Question

i don't know how serious i should take inheritance..

in my application i have, as in most applications, customers, users and suppliers.

well, seems easy, but to be a stickler for details, i should do the following:

class Person {...}


class NaturalPerson extends Person {...}

class JuristicPerson extends Person {...}



class User extends NaturalPerson {...}

class Supplier extends JuristicPerson {...}

well, and what's with Customers? In my opinion they may be natural and juristic persons as well...

class JurCustomer extends JuristicPerson {...}

class NatCustomer extends NaturalPerson {...}

that'll be dumb to work with, because if i want to have all customers, i need to select the two corresponding tables...

basically i would prefer the table-per-type schema... but according to that hierarchy above, it could become a little bit complicated i think.

well, this is just an example. in many cases the hierarchy will be a lot more complex...

Était-ce utile?

La solution

Unnecessary layers of abstraction add complexity without offering any benefit.

What you have to do is determine what implementation benefit can be derived from your classes sharing a common ancestor.

I think maybe the best way for you to design your app is to start with a database schema that accurately represents the entities and relationships that you are dealing with. Then create your classes to mirror that schema (table per type).

Then when considering the functionality of similar classes at that point determine if the different types would benefit from sharing a base class. For example based in this design technique you end up with a Customer and a Supplier class. Part of the requirements dictate that you need a way to get information to print a mailing label. If the process that you go through to arrive at this information is the same, it would make sense to design in an abstract class that both would then extend that would implement that method.

This would help manage copy paste coding when designing your app.

Autres conseils

The design patterns to consider here are:

  • ActiveRecord: An object that wraps a row in a database table or view, encapsulates the database access, and adds domain logic on that data.

This is the classic Table-per-Type approach. The pattern is applicable if there is no object-relational impedance mismatch, e.g. when your tables match the object structure 1:1. If you have relational data, you have to start tucking ORM features on the ActiveRecord which is not what the pattern is for. So use this when you have a juristic_customer_table and juristic_person_table and so on.

The reality in many applications is that the OO structure does not match the DB structure because both tackle structural problems inherently different. Also, keeping both decoupled makes independent development much easier. As a consequence DataMapper are often a better, albeit more complicated choice.

  • SingleTableInheritance: Represents an inheritance hierarchy of classes as a single table that has columns for all the fields of the various classes.

Quoting POEAA: This pattern "maps all fields of all classes of an inheritance structure into a single table". When you pull the data, you run the recordset through a Mapper (which handles the CRUD as well), that knows which class to instantiate then with what data. For ease of use, the table can also hold the class name of the object. This will obviously leak implementation details of your classes into the database.


IMO both approaches are can of worms. Your inheritance hierarchy doesn't sound too plausible to me either. Remember that inheritance means Subtype is-a Supertype regarding the responsibilities. Chances are your subtypes will violate LSP very quickly, when you find that your Suppliers don't behave like a JuristicPerson at all. Ask yourself whether a Supplier needs to expose all the functionality of a Juristic Person. If not, consider this third approach:

Do not to use Inheritance at all, but Aggregation. Find the basic classes holding the data. Then make small Role objects encapsulating the responsibility of that role, e.g.
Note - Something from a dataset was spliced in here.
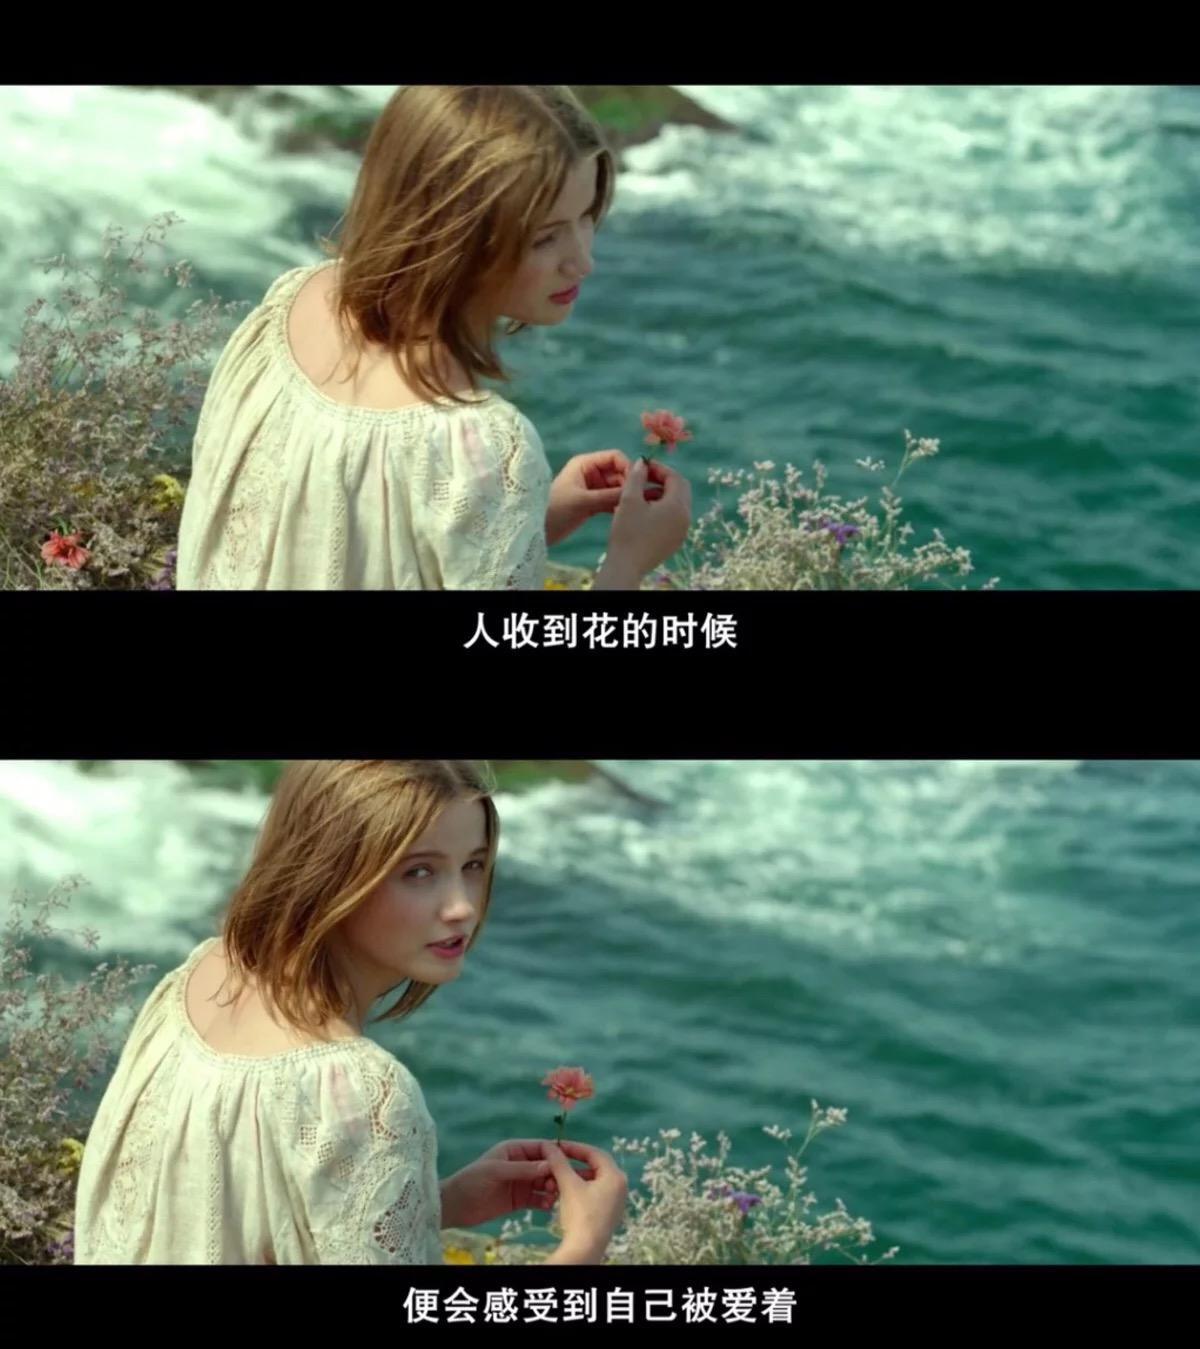 天使爱美丽截图_你最为珍藏的电影截图有哪些? - GetIt01

$supplier = new Supplier(new Juristic(new Person(PersonGateway::findById(1))));

Your Supplier will then hold all the logic to do Supplier-related things. You likely won't have need for anything Juristic or Person has when interacting with the Supplier. This should all be internal to the Supplier. Your public Supplier interface will be much smaller this way and more cleanly separate the responsibilities your objects can fulfill.

This way you don't create is-a relationships but has-a or uses-a. I am assuming Juristic holds some sort of business logic that is relevant to your use-cases. If the only difference between Juristic and Natural is semantic, then remove it altogether. See my blog post on Modeling the Real World for more details.